Am I mad? Or anyone also noticed it?

I wrote a build.bat for Clang and MSVC, both with 3 different build settings: Slow, Fast and Release.

MSVC compiles both of them faster than Clang takes to compile just one.

What can be happening?

BTW, I'm using the lld-link with Clang. Also, I'm using /MP (Multiprocessor compilation) with MSVC, but I doesn't really matter since I don't have that many files to compile.

Edited by Leonardo on January 20, 2021, 9:36pm Reason: Initial post

Mārtiņš Možeiko

#23842

January 20, 2021

Yes, that's how it is. Clang has higher startup cost than MSVC.
There are -ftime-report and -ftime-trace arguments you can try to see where it spends most of time, and the possibly turn off those parts (if it's some extra optimization or something).

Dawoodoz

#23892

February 4, 2021

Clang is a cross compiler for many different systems and hardware without getting to know the target platform when the compiler is compiled, so it makes sense that a bigger program fetches more unused code into the instruction cache. Maybe your CPU starts compiling for the wrong target platform a few times until branch prediction learned which route you take most often.

MSVC:
* Use this hard-coded 64-bit compiler, not the 32-bit version.
* Done.

Cross compiler:
* What platform will you target this time?
* So which specific processor model will you be optimizing for today?
* Oh, you don't want this extension for niche hardware that was abandoned 50 years ago but some bank might still be stuck with? Lets just abort this incorrect branch prediction.
* Starting to compile using dynamic jumps between code scattered in the huge binary while flooding the instruction cache with things you never even call.
* Finally done.

Mārtiņš Možeiko

#23893

February 4, 2021

That's not how clang works. It creates objects specialized for target architecture at beginning and there is no "unused code" to fetch or incorrectly predict (most of the time).
The slowness comes from way how compiler is structured / architected.
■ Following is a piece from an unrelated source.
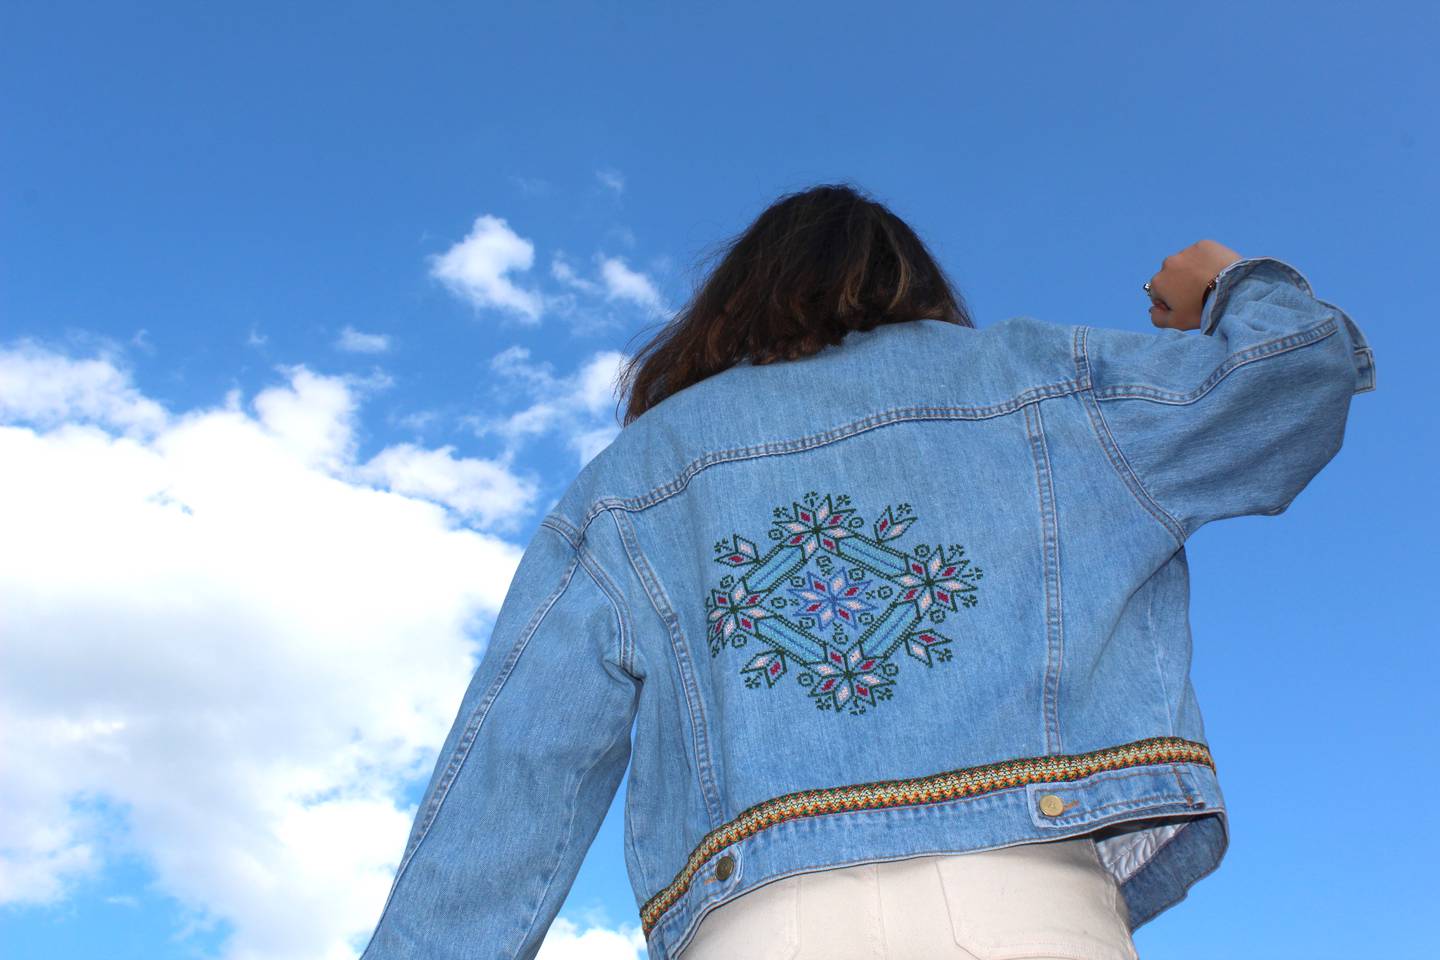 The jackets feature Palestinian embroidery and motifs. Photo: Salma Shawa

Not because it is cross compiler.
It has very separate optimization vs code generation passes. Sometimes applies same optimization steps multiple times. Etc..

Edited by Mārtiņš Možeiko on February 4, 2021, 7:58pm

Dawoodoz

#23897

February 4, 2021

mmozeiko
That's not how clang works. It creates objects specialized for target architecture at beginning and there is no "unused code" to fetch or incorrectly predict (most of the time).
The slowness comes from way how compiler is structured / architected. Not because it is cross compiler.
It has very separate optimization vs code generation passes. Sometimes applies same optimization steps multiple times. Etc..

Even worse then. :D

Miles

#23899

February 5, 2021

Dawoodoz
Even worse then

You seem to be under the impression that doing multiple optimization passes is somehow stupid and wasteful, but in actual fact it's simply part of what's necessary to get good codegen. There's a reason LLVM generates vastly better optimized code than MSVC. What's unfortunate is that the way LLVM is architected makes it significantly slower when generating unoptimized/debug builds as well.